No-Code Automation Reduces DevOps Complexity

There’s an enormous amount of complexity and manual effort required for DevOps, SecOps, and FinOps to manage an enterprise-scale cloud application today.

Your average platform or DevOps team likely operates, at a minimum:

One or more public clouds
Code repository
Database(s)
Authentication service
Observability tool(s)
Security monitoring tool(s)
Incident management system(s)
Mobile device management platform

Every one of these tools comes with its own API, documentation, vocabulary, and required developer skills. That’s why it’s no longer sustainable for organizations to rely solely on cloud engineers to create and maintain operational workflows. The platforms are too numerous, and there are too few skilled cloud engineers to implement all the specialized workflows needed to maintain modern cloud infrastructure. Even for the most elite cloud engineering teams, countless hours are still wasted on redundant integration efforts or manually creating one-off workflows.

Even if you ignore the security and operations nightmare that creates, it still doesn’t make sense for valuable DevOps, SecOps, and FinOps to waste time rebuilding the same scripts used by every other organization. By adopting a no-code automation platform like Blink, cloud operations teams can take advantage of existing integrations with popular cloud tools and APIs.
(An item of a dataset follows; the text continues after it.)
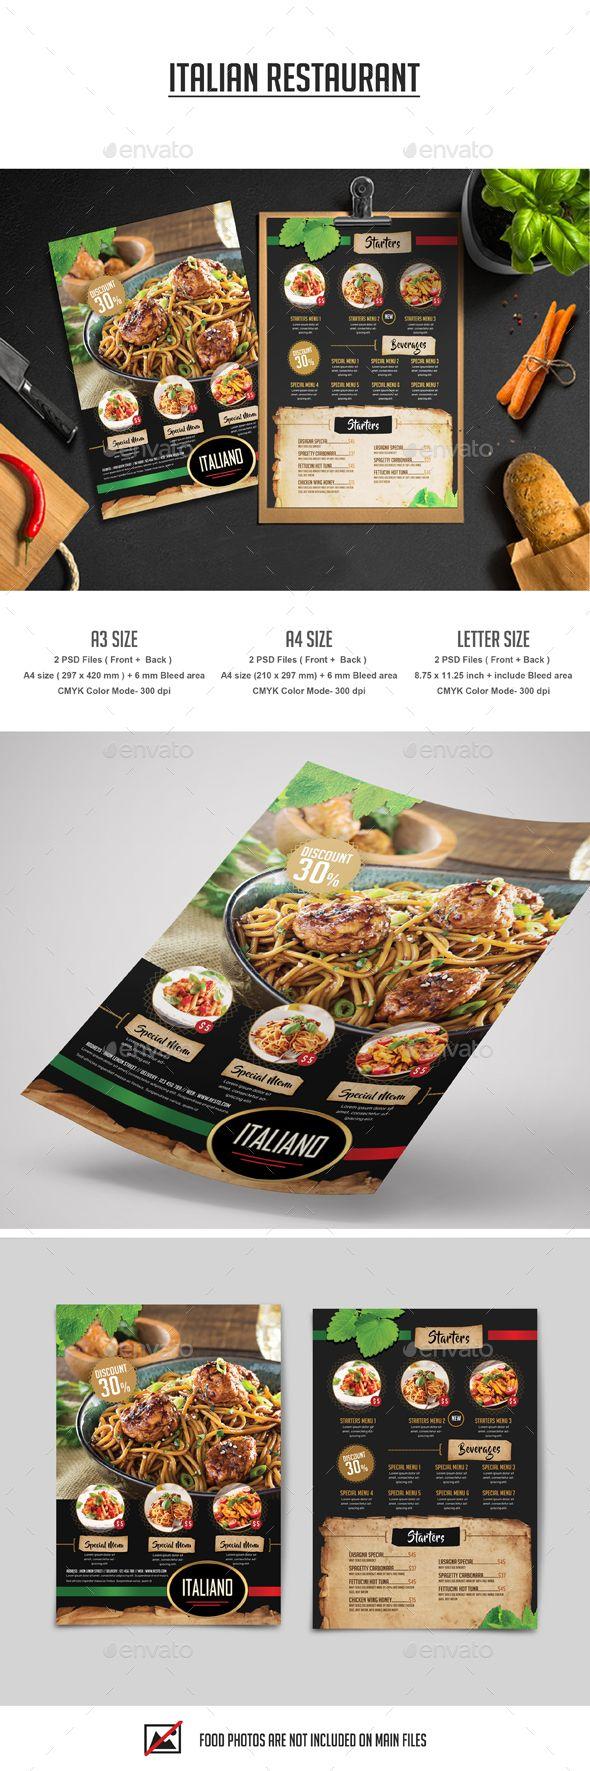 Italian Restaurant Flyer — Photoshop PSD #italian menu #brochure • Download ➝ https://graphicriver.net/item/italian-restaurant-flyer/18945477?ref=pxcr

No-code/low-code automation platforms give teams a unified system-of-action for all their workflows, with cloud and security best practices already built-in. This removes much of the manual effort, freeing cloud engineers to create automations that address everyday business challenges like infrastructure management, incident response, cost optimization processes and more. Furthermore, having a centralized platform for cloud operations makes it possible to expose operational workflows as self-service automations for development and business teams.

Next: Operational Excellence in DevOps, SecOps, and FinOps

In our next three posts, we’ll explore operational excellence within the context of DevOps, SecOps, and FinOps, individually. We’ll cover concrete workflows that cloud operations teams are responsible for, and discuss how no-code automation can enable unprecedented efficiencies, security control, and cost savings.

Try Blink today

Blink enables DevOps, SecOps, and FinOps to achieve operational excellence by making it easy to create automated workflows across the cloud platforms and services they use every day. The impact of adopting a no-code automation platform like Blink is happier, more productive development teams and more reliable, resilient cloud operations.

The best part? The no-code future for cloud operations is available today. Sign up to create a Blink account.

Top comments (2)

Brad Johnson • Nov 1 '22

@lnxchk I'm really hoping for your feedback on this blog post I helped write.

Has the definition of "operational excellence" changed in the last few years as teams started relying on more cloud-native tools?

What do you think @cloudyadvice? Have you noticed this shift at work?

Mandi Walls • Nov 4 '22

Hi @johnson_brad! Nice explainer.

I don't think the strategic definition has changed; the focus is still reliability and delivering the best customer experience. Users don't really care how we get there. :)

But teams definitely don't have the time to deal with every dial and setting in every tool they have to use. I open my Okta some days and I feel like I don't know what half of those apps are. There's just so much stuff. Anything that makes the job easier without sacrificing accountability and reliability is important!